- Born: 31 May 1953 Surry Hills, Sydney, Australia
- Died: 5 April 2016 (aged 62) Sydney, Australia
- Education: National Art School Alexander Mackie College
- Awards: Mosman Art Prize 2011 Out on a Limb

= Kerrie Lester =

Australian painter

Kerrie Lester (31 May 1953 – 5 April 2016) was an Australian artist who was a frequent finalist in the Archibald Prize for portraiture, although she never won the main prize.

She was born to John Lester and Dolores Metcalfe at the Crown Street Women's Hospital in Surry Hills, Sydney in 1953, and studied fine arts at the National Art School and the Alexander Mackie College of Advanced Education between 1971 and 1975. She held her first solo exhibition in 1976.

Lester was a finalist in the Archibald Prize sixteen times, but never won. She did win the associated Packing Room Prize in 1998, for her Self-portrait as a bridesmaid—an allusion to the saying "Always a bridesmaid, never the bride" in relation to her missing out on the Archibald so regularly, and she stopped entering the competition in 2012. Nonetheless, the display of her work at the shortlist exhibitions increased her profile, and the National Portrait Gallery acquired or commissioned her portraits of Margaret Fink, Fred Hollows, James Morrison and Cathy Freeman.

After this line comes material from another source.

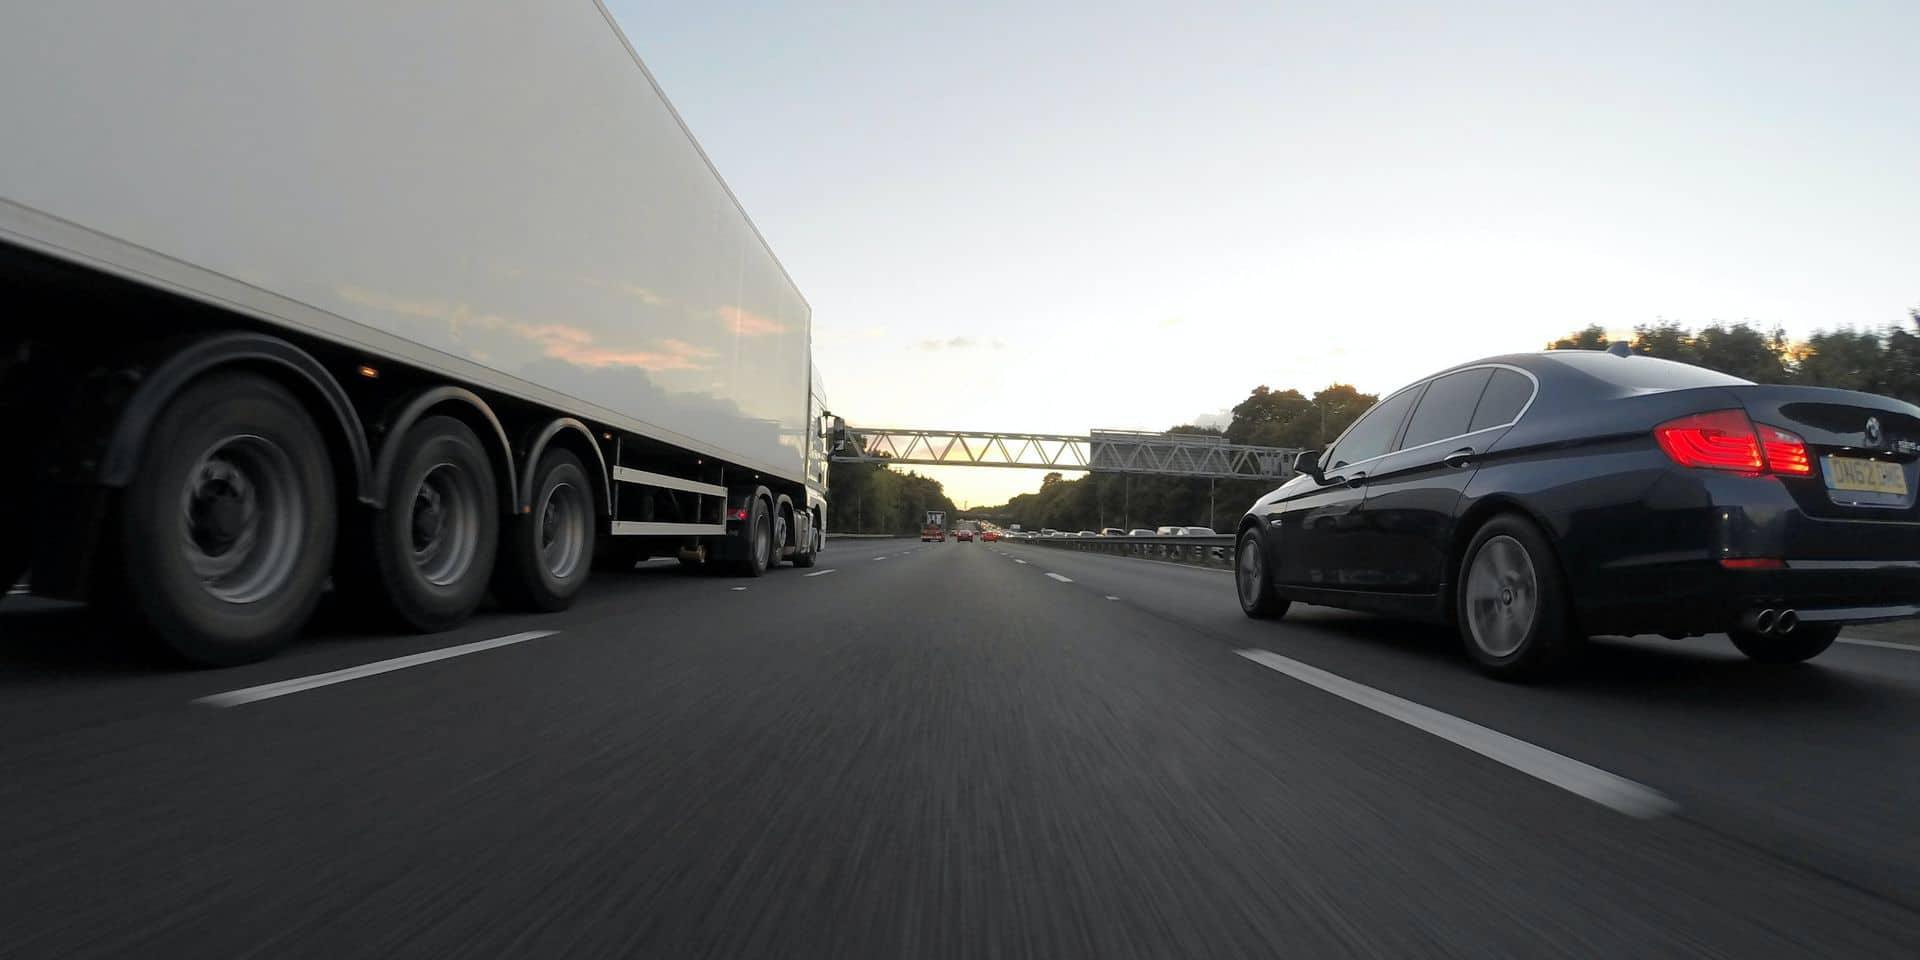 Transport routier : de nouvelles règles pour lutter contre le dumping social

She was also a finalist in the Portia Geach Memorial Award nine times, and was a regular finalist and exhibitor in the Wynne Prize and Sir John Sulman Prize group exhibitions. In 2011, she won the Mosman Art Prize for her painting Out on a Limb.

In 2014, she was diagnosed with leukemia, stopping treatment after two stem cell transplants failed to stop the progression of the disease. She died on 5 April 2016, aged 62.